Whether the Idaho and West Virginia laws genuinely protect girls from unfair competition is questionable. (The Idaho law is styled the “Fairness in Women’s Sports Act.”) In practice, the laws may subject women in public schools to “invasive sex verification procedures,” as educational expert George Theoharis of Syracuse University wrote after the court ruling.
They’re also based on a retrograde view of women as fragile creatures needing men’s protection, Theoharis wrote — “the same logic that has historically been used to justify excluding women from making their own healthcare decisions and girls from rigorous math and science; that physically demanding work is simply beyond them.” (There don’t appear to be any state laws barring transgender women from competing in men’s sports.)

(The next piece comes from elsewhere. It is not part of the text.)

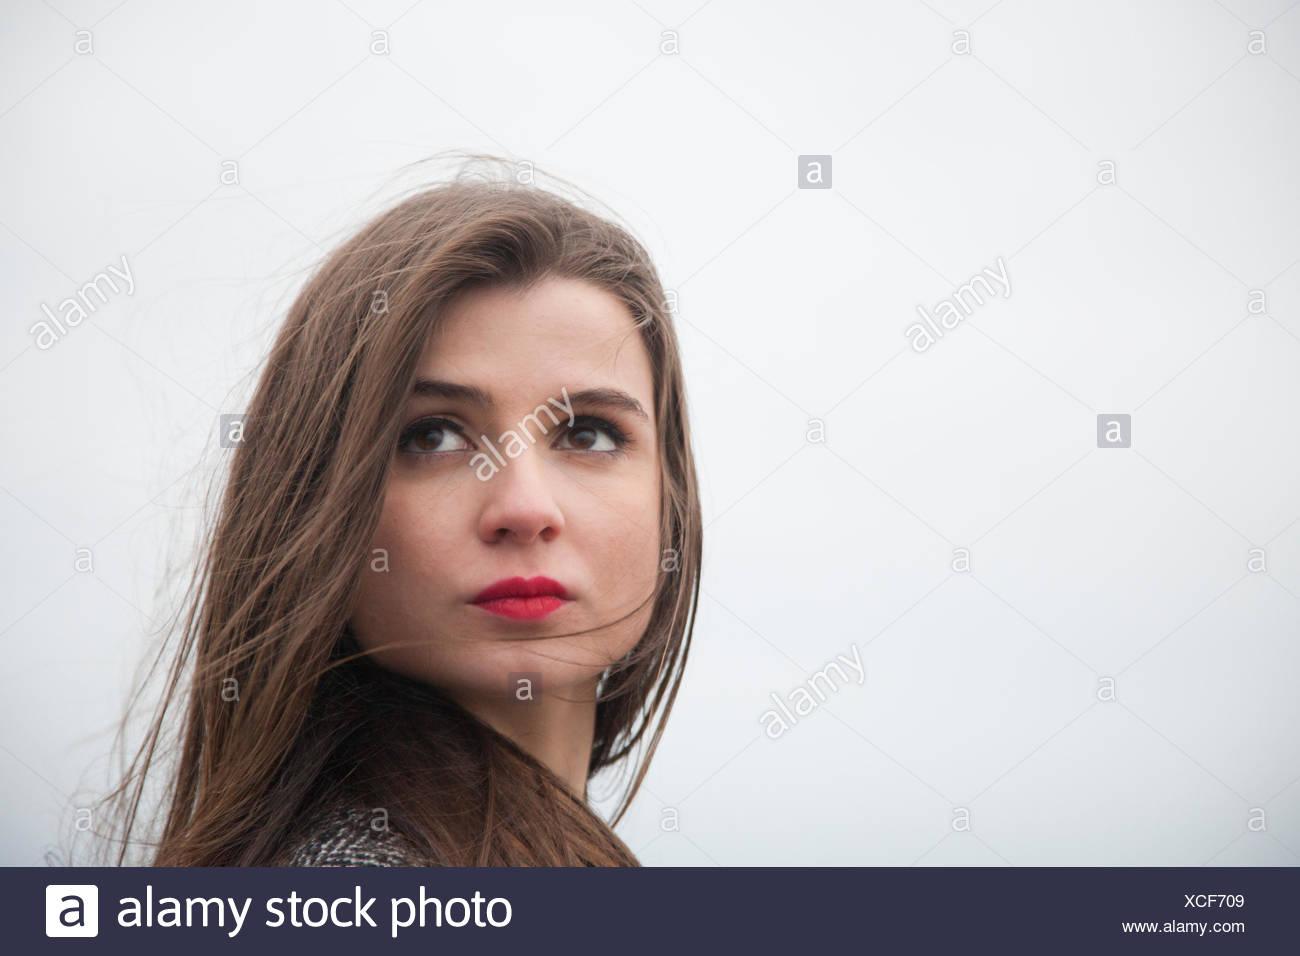 Porträt einer jungen Frau mit langen Haaren Stockbild
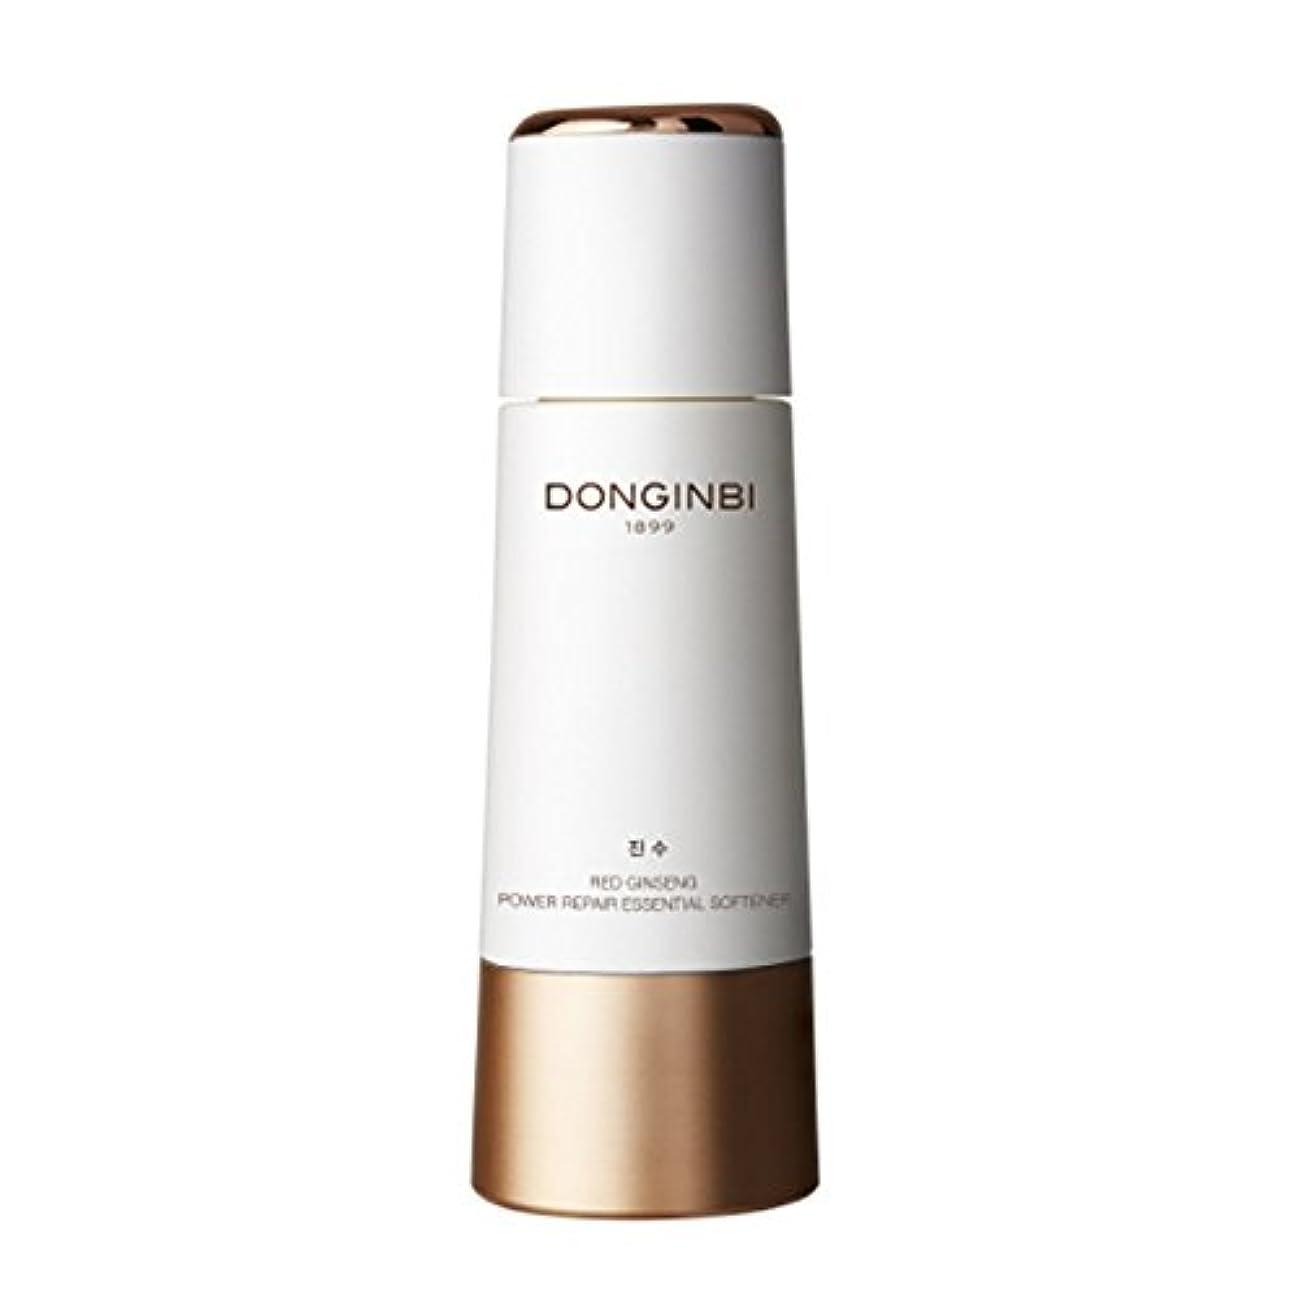 雑多なカスケードダイジェスト[ドンインビ]DONGINBI ドンインビ ジン化粧水 130ml 海外直送品 toner130ml [並行輸入品]

Becky Pepper-Jackson, the plaintiff in the West Virginia case, in which she is identified only as B.P.J., is the only transgender girl who sought to join girl’s teams — track and cross-country — in the state. That was in 2021, just after West Virginia passed its law and she was about to enter sixth grade. She didn’t appear to pose any competitive risk to others on the track and cross-country teams she applied to join — her lawyers told the Supreme Court that on those no-cut teams, she “came in near the back.”
Anyway, she had not gone through male puberty, which theoretically might have endowed her with a competitive advantage, because she had been taking puberty blockers and female hormones.
Thanks to the court’s ruling, Sotomayor observed in a dissent joined by Justices Elena Kagan and Ketanji Brown Jackson, West Virginia can deny Becky access to school sports “because it thinks they have an inherent athletic advantage, even if the facts show that they do not.”
B.P.J., Sotomayor wrote, “cannot practice on girls’ teams, even if she would not take anyone’s spot in an eventual competition, even if everyone who tries out for the team makes it, and even if having the chance to participate could aid immensely in treating B. P. J.’s gender dysphoria.”
So whose interest was really protected by the Supreme Court?